Package 'clap'

Title: Detecting Class Overlapping Regions in Multidimensional Data
Description: The issue of overlapping regions in multidimensional data arises when different classes or clusters share similar feature representations, making it challenging to delineate distinct boundaries between them accurately. This package provides methods for detecting and visualizing these overlapping regions using partitional clustering techniques based on nearest neighbor distances.
Authors: Priyanga Dilini Talagala [aut, cre, cph]
Maintainer: Priyanga Dilini Talagala <[email protected]>
License: GPL-3
Version: 0.1.0
Built: 2024-11-03 04:35:39 UTC
Source: https://github.com/pridiltal/clap

Help Index


clap: Detecting Class Overlapping Regions in Multidimensional Dat

Description

The issue of overlapping regions in multidimensional data arises when different classes or clusters share similar feature representations, making it challenging to delineate distinct boundaries between them accurately. This package provides methods for detecting and visualizing these overlapping regions using partitional clustering techniques based on nearest neighbor distances.

Author(s)

Priyanga Dilini Talagala _PACKAGE


Compute cluster composition and filter based on percentage

Description

This function computes the cluster composition based on the input object of class 'clap' returned by perform_clustering function.
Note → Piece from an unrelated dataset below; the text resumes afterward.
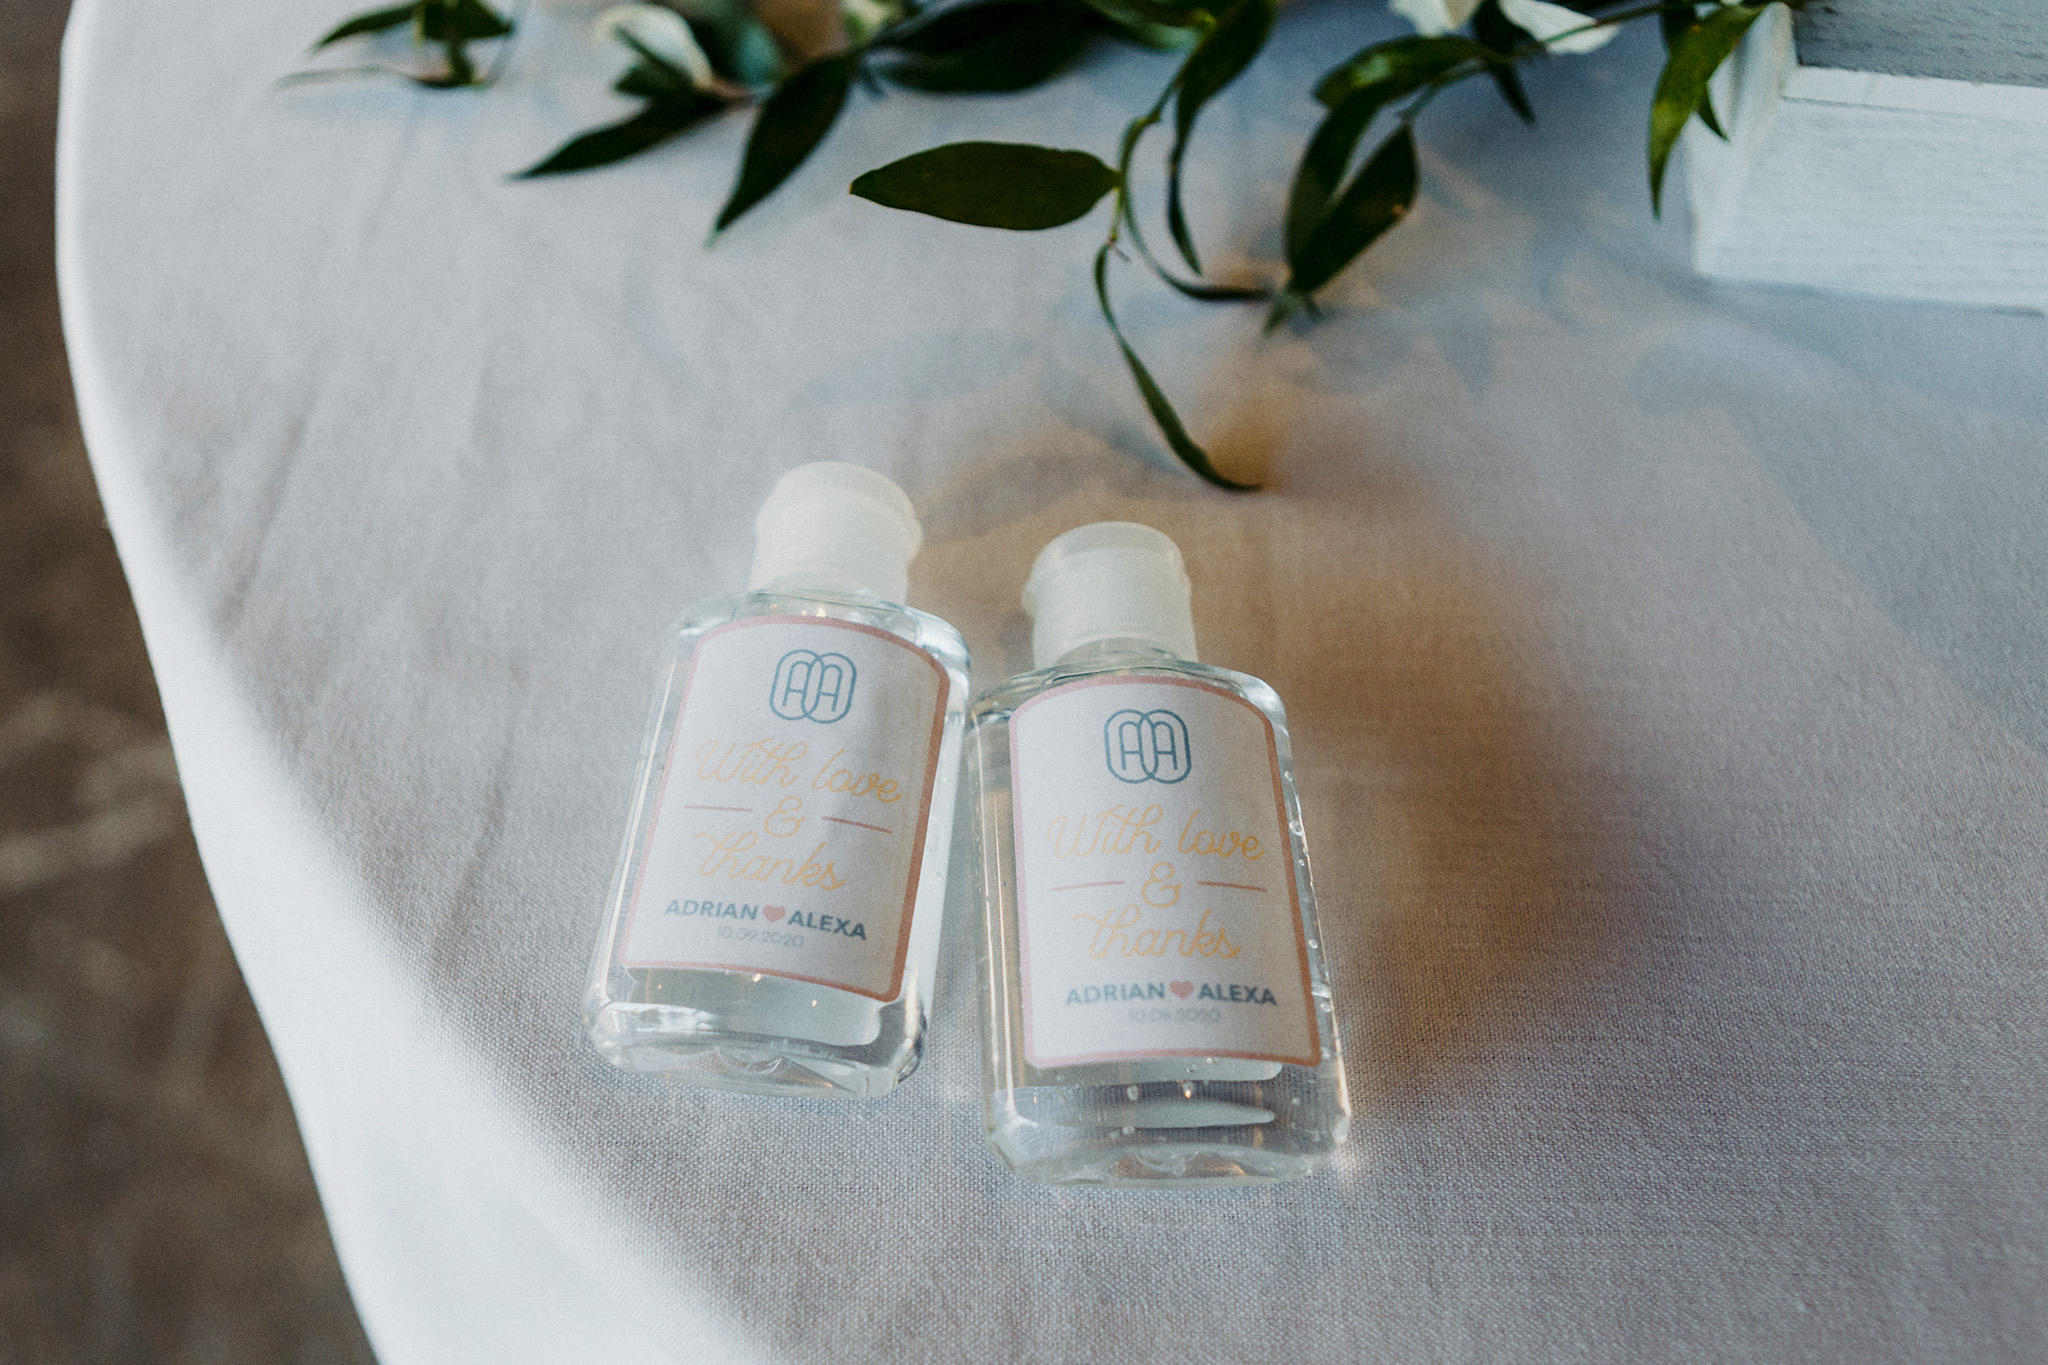 Custom hand sanitizer as favors at a wedding

It merges the data and cluster assignments, computes cluster composition statistics including counts, IDs, and percentages, and filters based on the specified percentage threshold.

Usage

compute_cluster_composition(x)

Arguments

x

An object of class 'clap' returned by perform_clustering function, containing members (list of clusters), cluster_df (data frame of cluster assignments), and the original dataset.

Value

filtered data frame summarizing cluster composition with class 'clap'.

Examples

if (requireNamespace("ggplot2", quietly = TRUE)) {
  # Generate dummy data
  class1 <- matrix(rnorm(100, mean = 0, sd = 1), ncol = 2) +
    matrix(rep(c(1, 1), each = 50), ncol = 2)
  class2 <- matrix(rnorm(100, mean = 0, sd = 1), ncol = 2) +
    matrix(rep(c(-1, -1), each = 50), ncol = 2)
  datanew <- rbind(class1, class2)
  training <- data.frame(datanew, class = factor(c(rep(1, 50), rep(2, 50))))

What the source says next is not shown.